Macroeconomic Objectives: Achieving Full Employment and Price Stability
Macroeconomic Objectives: Balance and Changes
The set of macroeconomic objectives can be summarized in one: to achieve full employment with price stability and more efficient.
Factors Affecting the Economy
- Internal Market Forces: Changes in population, consumer behavior, investment, and technological innovation.
 - External Perturbations: Events that happen around us and influence the government.
 - Government Action: Directing and controlling the economy through fiscal and monetary policy.
 
Objectives of a Macro Economy
- GDP Growth
 - Full Employment
 - Price Stability
 - Foreign Equilibrium
 
Consumption
Consumption is the total expenditure incurred by families on goods and services in a given period. This includes both durable goods (cars) and non-durables (food, travel, etc.), but excludes the purchase of housing, which is considered a capital expenditure.
Factors of Consumption
- Disposable Income of Families: Higher income leads to more consumption. Permanent income (averaged over a lifetime) is also important.
 - Interest Rates and Credit Facilities: Higher interest rates lead to lower consumption.
 - Life Cycle: The young and elderly are more likely to spend their income than middle-aged individuals.
 
Volume of Consumption in the Economy
Two-thirds of GDP is consumed. Changes in consumption can cause imbalances that affect the whole economy.
Indicators of Consumption Evolution
- Expectations of household spending
 - Car registrations
 - Sales in large areas (supermarkets and large stores)
 - Other indicators: gasoline consumption, retail sales, consumer goods imports
 
Confidence in the future is a key determinant of consumption.
Economic Investments
Economic investments involve the acquisition of goods and production to produce other goods. Investment costs are key to future growth and consist of:
- Investment in plant and equipment
 - Construction of housing for family use
 
The sum of both components is the gross fixed capital formation, which is 20% of the GDP.
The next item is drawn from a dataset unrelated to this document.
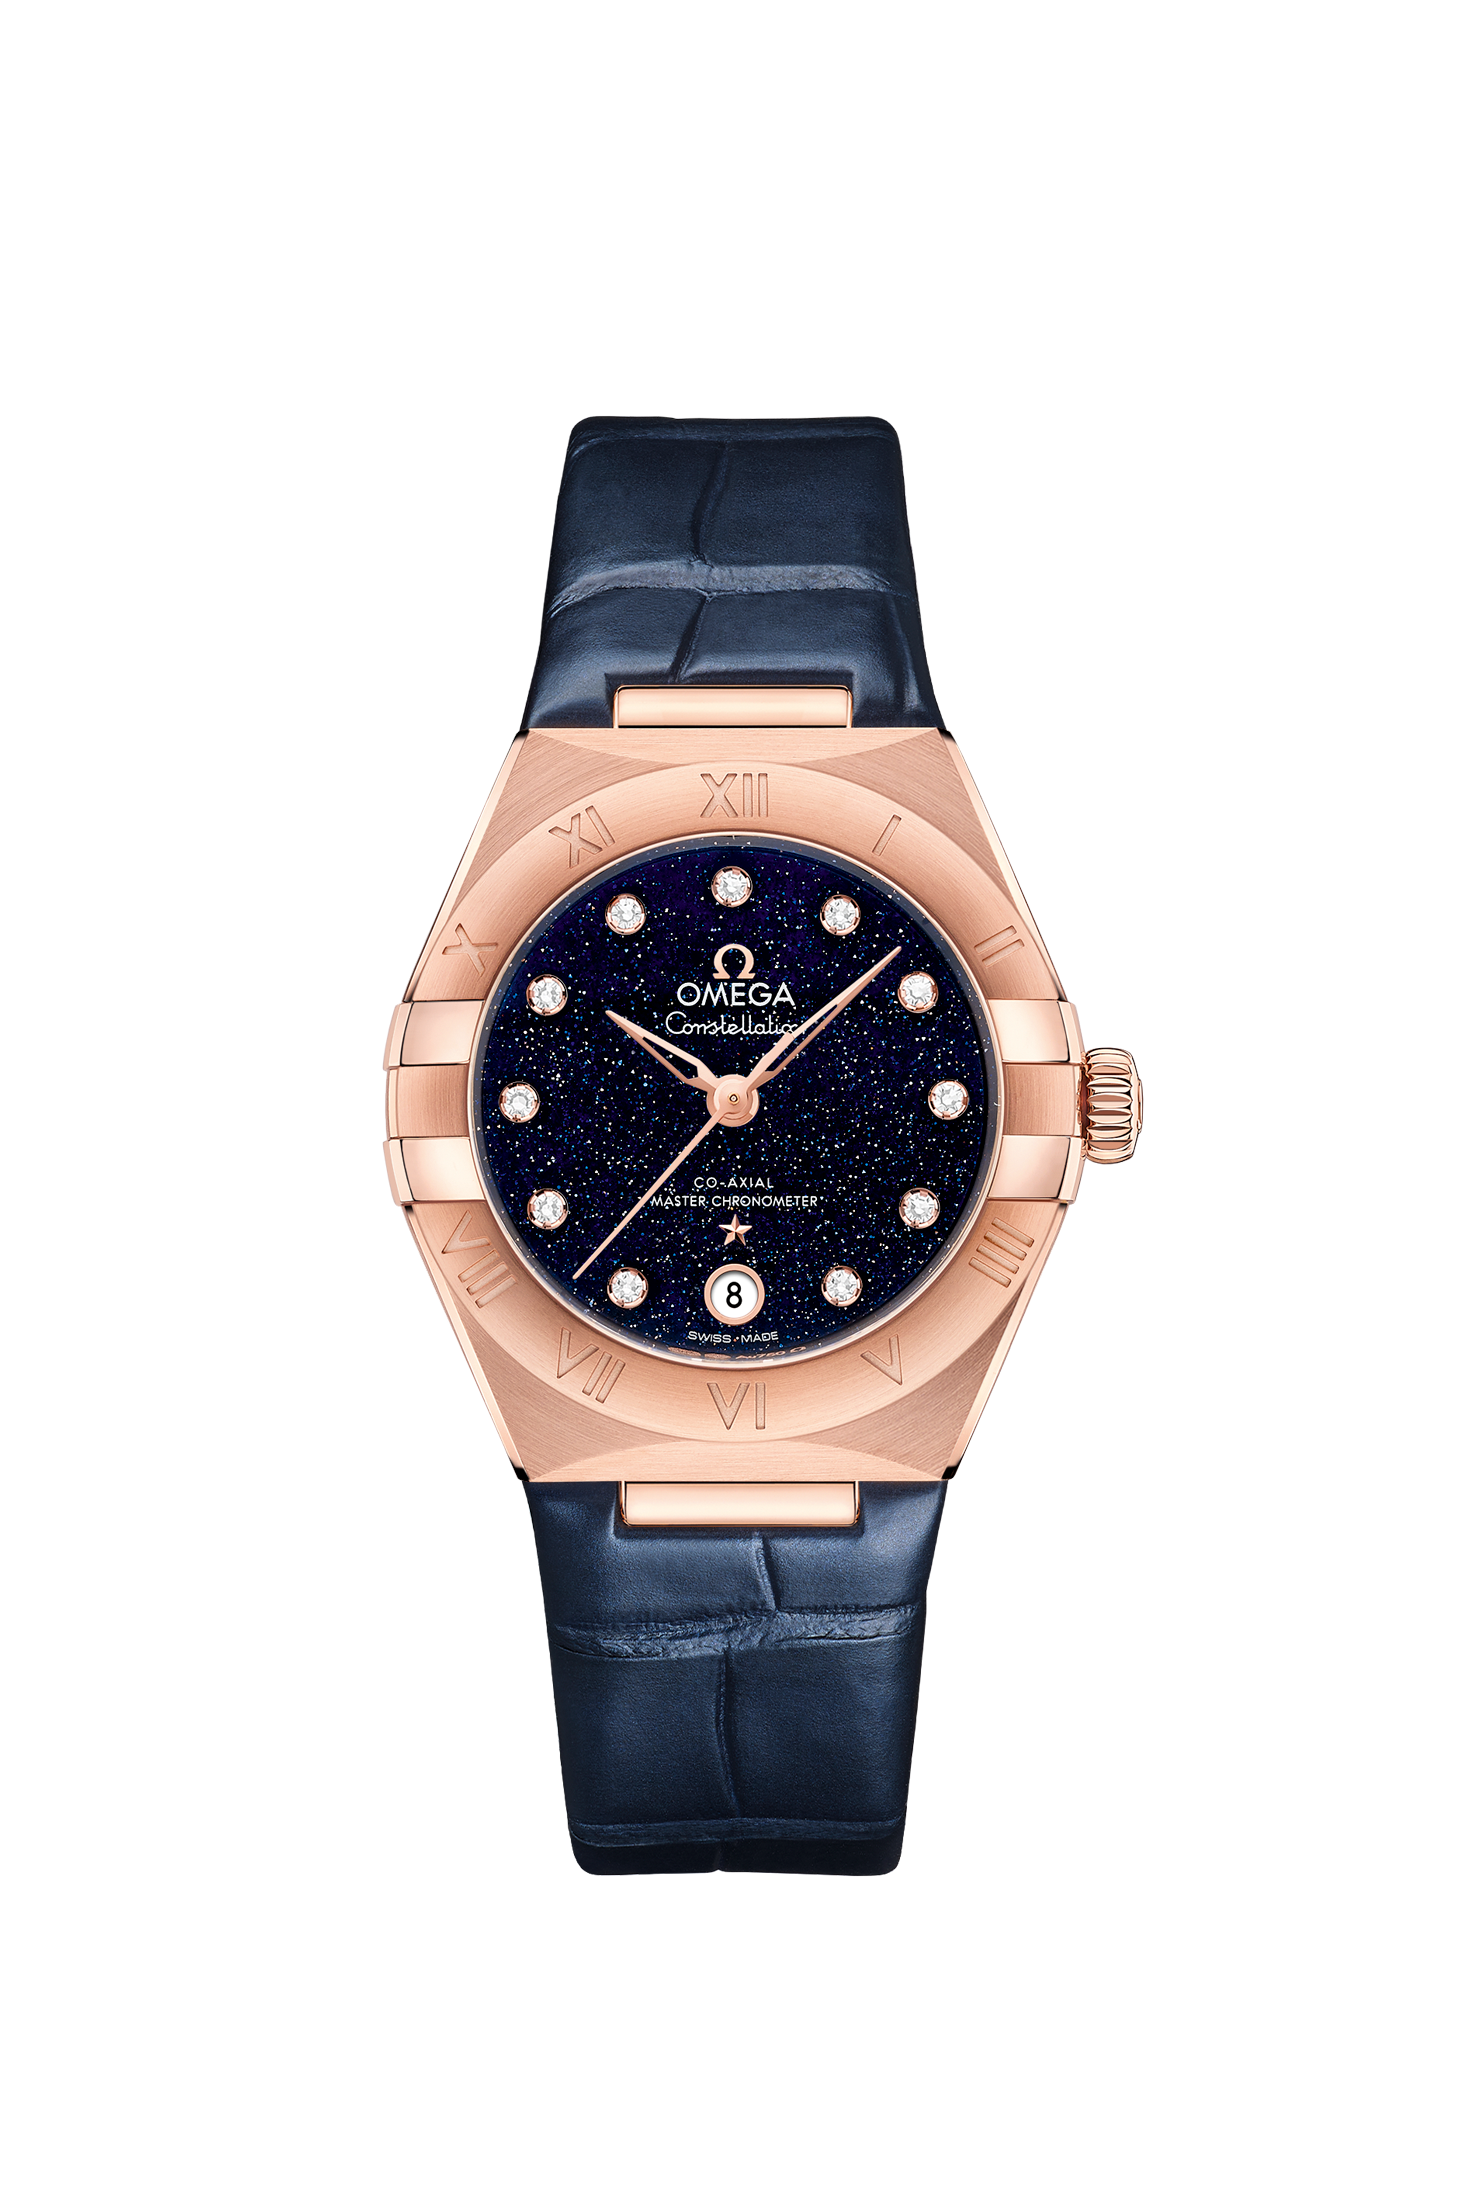 Ladies' watch  OMEGA, Constellation Co Axial Master Chronometer / 29mm, SKU: 131.53.29.20.53.003 | watchapproach.com

Types of Economic Investment
- Replacement Investment: Replacing machinery or equipment that is obsolete.
 - Expansion Investment: New equipment to increase production.
 
The relationship with investment costs is that if households do not consume, companies do not invest, leading to economic stagnation.
Factors Affecting Investment
- Interest Rates: Higher interest rates make loans more expensive, reducing investment.
 - Capacity Utilization: If a company is not using its full capacity, there is no reason to invest.
 - Confidence in the Future: Expectations about future demand and economic conditions.